Records from a collection:
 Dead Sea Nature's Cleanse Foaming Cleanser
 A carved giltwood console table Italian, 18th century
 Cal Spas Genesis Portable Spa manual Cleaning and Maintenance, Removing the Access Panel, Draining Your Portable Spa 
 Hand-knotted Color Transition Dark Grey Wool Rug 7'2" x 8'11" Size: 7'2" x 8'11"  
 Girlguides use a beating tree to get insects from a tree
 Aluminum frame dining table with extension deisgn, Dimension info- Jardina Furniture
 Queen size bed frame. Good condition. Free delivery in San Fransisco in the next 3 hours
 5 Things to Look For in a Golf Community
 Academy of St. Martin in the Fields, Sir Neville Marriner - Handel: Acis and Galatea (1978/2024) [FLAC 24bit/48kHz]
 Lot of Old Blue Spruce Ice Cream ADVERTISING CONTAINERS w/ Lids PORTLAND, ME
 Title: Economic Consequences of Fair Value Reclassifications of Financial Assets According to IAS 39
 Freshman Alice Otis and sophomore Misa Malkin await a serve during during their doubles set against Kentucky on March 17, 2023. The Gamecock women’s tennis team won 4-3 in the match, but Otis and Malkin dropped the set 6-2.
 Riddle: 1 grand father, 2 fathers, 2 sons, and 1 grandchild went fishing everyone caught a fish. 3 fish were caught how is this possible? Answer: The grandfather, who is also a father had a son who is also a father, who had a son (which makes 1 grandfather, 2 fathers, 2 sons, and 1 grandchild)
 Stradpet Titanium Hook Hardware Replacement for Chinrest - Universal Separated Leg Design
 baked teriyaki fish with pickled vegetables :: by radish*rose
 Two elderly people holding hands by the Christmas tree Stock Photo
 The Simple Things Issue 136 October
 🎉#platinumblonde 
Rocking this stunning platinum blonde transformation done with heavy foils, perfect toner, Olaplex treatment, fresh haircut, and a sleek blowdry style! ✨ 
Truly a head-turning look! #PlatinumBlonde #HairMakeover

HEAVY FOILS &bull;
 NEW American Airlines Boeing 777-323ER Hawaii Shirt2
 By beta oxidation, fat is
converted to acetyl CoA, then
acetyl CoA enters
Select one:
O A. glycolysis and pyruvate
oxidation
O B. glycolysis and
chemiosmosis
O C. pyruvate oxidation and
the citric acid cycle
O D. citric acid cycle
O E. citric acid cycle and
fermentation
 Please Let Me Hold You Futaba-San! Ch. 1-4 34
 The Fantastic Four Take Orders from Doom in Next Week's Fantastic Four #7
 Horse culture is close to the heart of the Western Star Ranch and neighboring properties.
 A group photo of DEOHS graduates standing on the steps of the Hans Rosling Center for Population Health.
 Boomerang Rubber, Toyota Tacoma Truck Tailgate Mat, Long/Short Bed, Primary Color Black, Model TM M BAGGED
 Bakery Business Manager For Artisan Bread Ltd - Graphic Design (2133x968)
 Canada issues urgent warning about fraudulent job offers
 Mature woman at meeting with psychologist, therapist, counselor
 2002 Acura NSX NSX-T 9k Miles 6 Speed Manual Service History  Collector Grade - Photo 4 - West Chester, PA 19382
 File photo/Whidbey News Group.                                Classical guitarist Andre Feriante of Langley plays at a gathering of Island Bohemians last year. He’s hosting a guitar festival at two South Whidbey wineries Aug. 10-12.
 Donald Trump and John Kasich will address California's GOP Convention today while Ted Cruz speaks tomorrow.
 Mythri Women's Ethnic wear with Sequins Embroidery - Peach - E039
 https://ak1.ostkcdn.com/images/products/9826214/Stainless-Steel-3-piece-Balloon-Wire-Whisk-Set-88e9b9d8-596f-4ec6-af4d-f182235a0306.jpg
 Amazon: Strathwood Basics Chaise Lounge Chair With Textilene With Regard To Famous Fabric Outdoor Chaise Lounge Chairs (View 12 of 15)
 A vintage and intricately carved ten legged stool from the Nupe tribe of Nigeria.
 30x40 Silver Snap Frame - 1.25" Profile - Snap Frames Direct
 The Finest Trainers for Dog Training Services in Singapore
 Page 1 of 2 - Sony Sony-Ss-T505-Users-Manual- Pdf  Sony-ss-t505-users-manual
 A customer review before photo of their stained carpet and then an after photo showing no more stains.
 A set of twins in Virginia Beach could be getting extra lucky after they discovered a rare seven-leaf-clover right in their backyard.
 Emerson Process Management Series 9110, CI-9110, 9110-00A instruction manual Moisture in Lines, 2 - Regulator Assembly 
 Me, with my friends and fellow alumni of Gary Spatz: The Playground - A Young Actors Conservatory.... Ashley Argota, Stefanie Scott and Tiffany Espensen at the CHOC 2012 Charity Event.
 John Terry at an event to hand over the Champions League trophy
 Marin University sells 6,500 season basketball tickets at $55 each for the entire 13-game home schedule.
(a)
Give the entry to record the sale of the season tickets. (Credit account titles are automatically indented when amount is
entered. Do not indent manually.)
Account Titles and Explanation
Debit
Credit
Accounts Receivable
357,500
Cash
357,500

▶ **What is needed**:
Gather each line in the entries above where the string "Design" is found.

▶ **Written response**:
 Stradpet Titanium Hook Hardware Replacement for Chinrest - Universal Separated Leg Design
 Bakery Business Manager For Artisan Bread Ltd - Graphic Design (2133x968)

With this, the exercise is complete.